It’s hard not to think fondly of the original Motorola Razr, a sleek and thin flip phone from a bygone era. So when the company announced an updated version featuring a 6.2-inch folding inner display, people took notice. Enough that the company delayed its initial plans to take preorders on December 26th. Now the company is ready for the demand and will take preorders on January 26th.

Sleek, Stylish, Foldable, and Expensive

For better or worse, foldable phones are coming. Samsung’s attempts at cornering the foldable market have been less than successful, but that hasn’t deterred other companies from entering the fray.

Motorola’s entry, modeled on the classic Razr, stands apart from the crowd, though. Unlike most foldables, which resemble a modern smartphone that folds into a tablet, the Razr resembles a flip-phone when closed. Open it up, and you’ll find a large screen expanding across the inside.

In its demonstrations, Motorola’s tech seems to avoid some of the gap issues that Samsung and other companies have had to overcome. But while the display tech is exciting, the rest phone innards leave a little to be desired. The company chose a midrange Qualcomm Snapdragon 710 processor to power the Razr, and the camera likely won’t win any awards either.

But, if you want one of the sexiest looking folding screens any company offers right now, it can be yours. You can preorder the $1,500 phone on Motorola’s website, or through Verizon or Walmart starting January 6th. The company is also promising the phone will also be in stores on February 6th.

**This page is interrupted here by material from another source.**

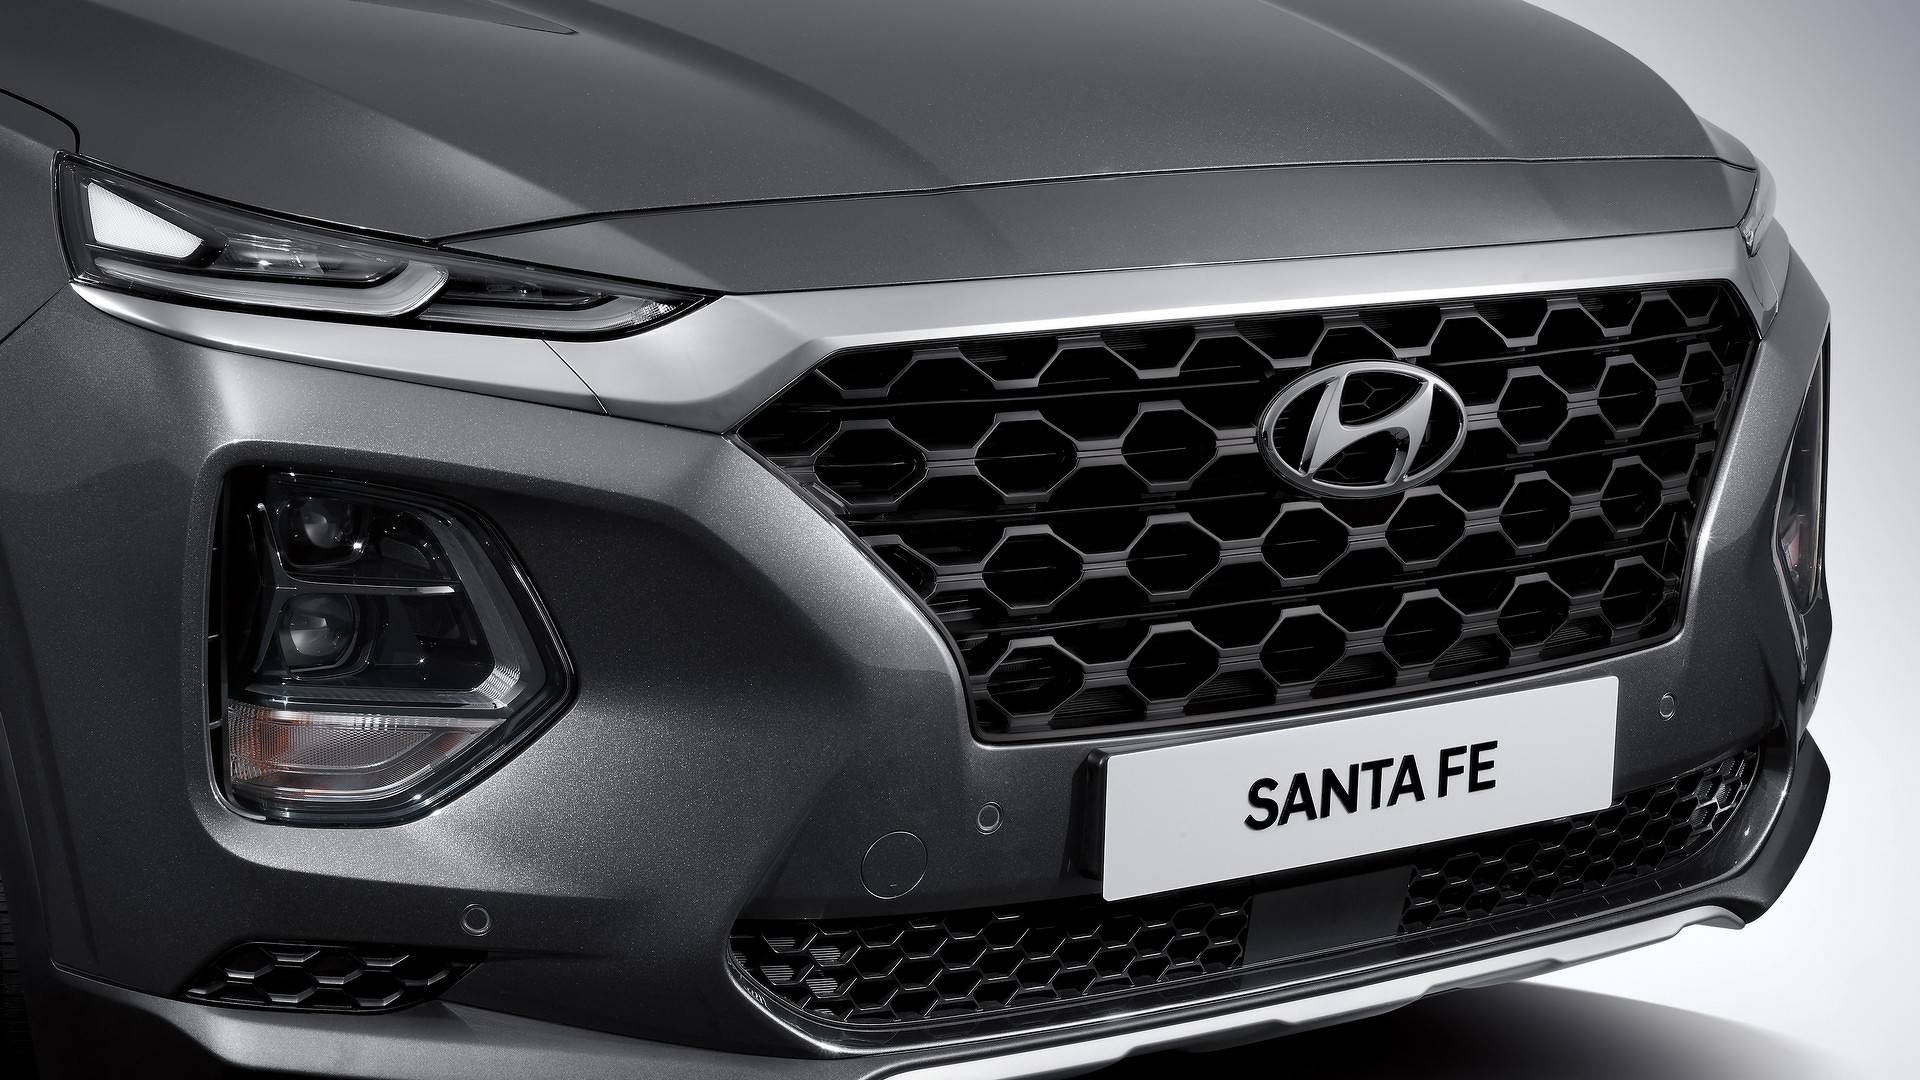 Hyundai Brings New Santa Fe, Refreshed Tucson, Electric Kona

At $1,500, the Razr is more expensive than most premium phones. But it’s still less than the $2,000 asking price for the Galaxy Fold. Having the latest and greatest will always come at a cost.

Source: Engadget

Josh Hendrickson Josh Hendrickson
Josh Hendrickson is the Editor in Chief of Review Geek and is responsible for the site's content direction. He has worked in IT for nearly a decade, including four years spent repairing and servicing computers for Microsoft. He’s also a smart home enthusiast who built his own smart mirror with just a frame, some electronics, a Raspberry Pi, and open-source code. Read Full Bio »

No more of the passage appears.